Gouandjika then moved to Romania in 1977 and continued his higher education at the Faculty of Electrical Engineering of Gheorghe Asachi Technical University of Iași and graduated in 1983. One year later, he went back to Central African Republic.

== Career ==
=== Early career ===
He taught karate and Qwan Ki Do in Romania. As a karate and qwan ki do athlete, he participated in the 1981 European martial arts championship representing Romania and won the silver medal in a long stick fight.

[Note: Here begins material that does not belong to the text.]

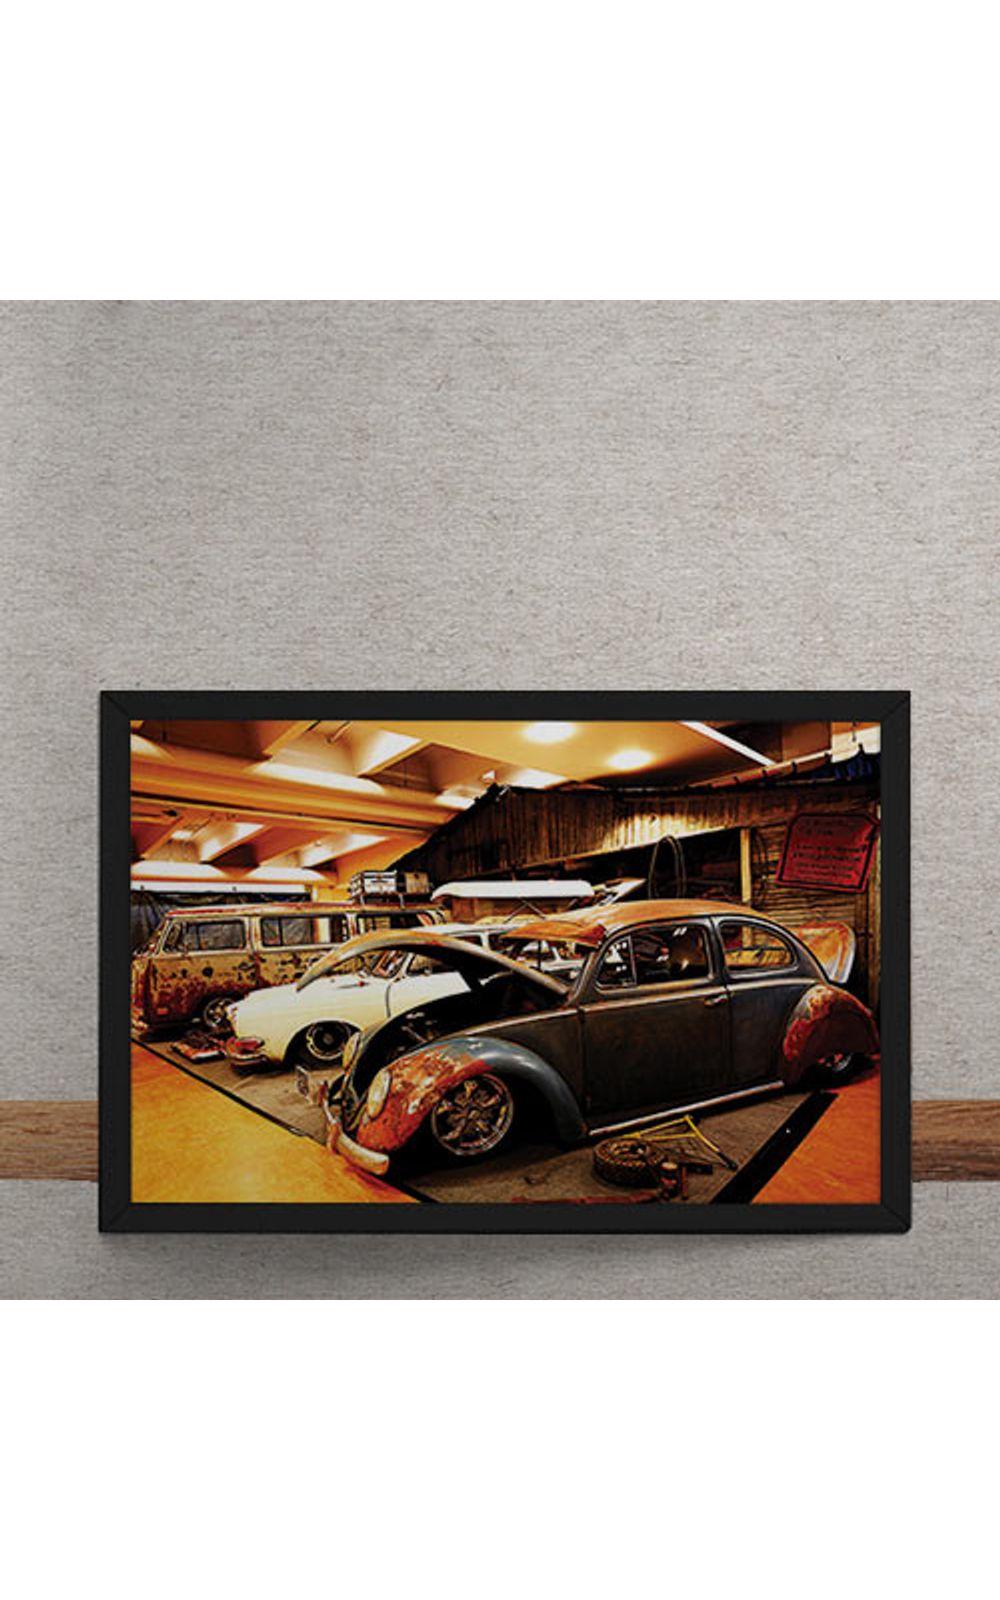 Foto 3 - Quadro Decorativo Carro Volkswagen Rat Look

Gouandjika competed in the 1982 European martial arts championship, represented the Romania team and won a silver medal.

In the Central African Republic, he began his career as a physics and computer sciences teacher at several high schools in Bangui from 1984 to 1987. He then worked as Head of the Studies and Planning Department at Office Centrafricain des Postes et Télécommunications (DGT) from 1988 to 1990. While working at DGT, he also became a professor of physics at the University of Bangui from 1989 to 1990. Subsequently, he worked at Socatel from 1990 to 2005. In the beginning, he was the Head of the IT Division position from 1990 to 1997. Later he was promoted to director of Socatel.
Meanwhile, he also became the Telecommunications and New Technologies advisor at High Council for Communication from 1998 to 1999. He announced his retirement as the Director of Socatel in 2004 to support Francois Bozize on 2005 election. However, he later encouraged people to vote for André Massi and Nicolas Tiangaye on 28 December 2004.

=== Political career ===
Gouandjika ran for the 1999 Central African presidential election as an independent candidate who represented the youth and received 9,431 votes, placing him as the second lowest of all candidates.

In 2005, Dotte appointed Gouandjika as a Minister of Posts and Telecommunications and New Technology. As a Posts and Telecommunications and New Technology minister, he liberalized Socatel by signing a contract with Telesoft International in 2007. In addition, he signed a 7 billion CFA francs contract with ZTE for government digitalization and a 6 million CFA francs establishment and operation agreement with Orange. In 2011, Karim Meckassoua conducted an audit of Minister of Posts and Telecommunications and New Technology under his two predecessors over mismanagement and accused Thierry Savonaroye Maléyombo and Gouandjika of money embezzlement. This accusation led his passport to be confiscated and him lost position as the government spokesman. Later, he received his passport.

Touadera appointed Gouandjika as a minister of agriculture and development on 19 January 2009. He held this position for four years. While serving as agriculture minister, he was appointed government spokesman on 20 April 2010. As a minister, he was known for corrupting the budget allocated to peasant farmers.

When Seleka toppled Bozize in 2013, Gouandjika fled to Romania and later returned to CAR on 9 September 2014. In 2015, he ran for election and received 15,356 votes. He later resigned from KNK and supported Touadéra. Currently, he is a special minister and adviser to President Touadéra.

== Controversy ==
=== Sexism ===
On 15 March 2021, during a live session on his personal Facebook account, he stipulated that if Russians requested Central African women for sexual desire, we would give them. His remark stunned the public and the country's women's organizations condemned his statement that objectified women. He later apologized for his offensive remark.

=== Call for Genocide ===
During the Facebook live session on 2 November, Gouandjika issued a genocide threat that if Touadera was ousted from the position, there would be a genocide not only targeting Central Africans but also MINUSCA and embassy staff. The Civil society organizations condemned Gouandjika's threat and called for his resignation as special advisor.

== Personal life ==
Gouandjika belongs to Mandja and is married to a Romanian woman from Bacău. He speaks fluent Sango, French, and Romanian and can understand English and Spanish. In 1994, he was elected as president of the Central African Federation of Karate and Martial Arts.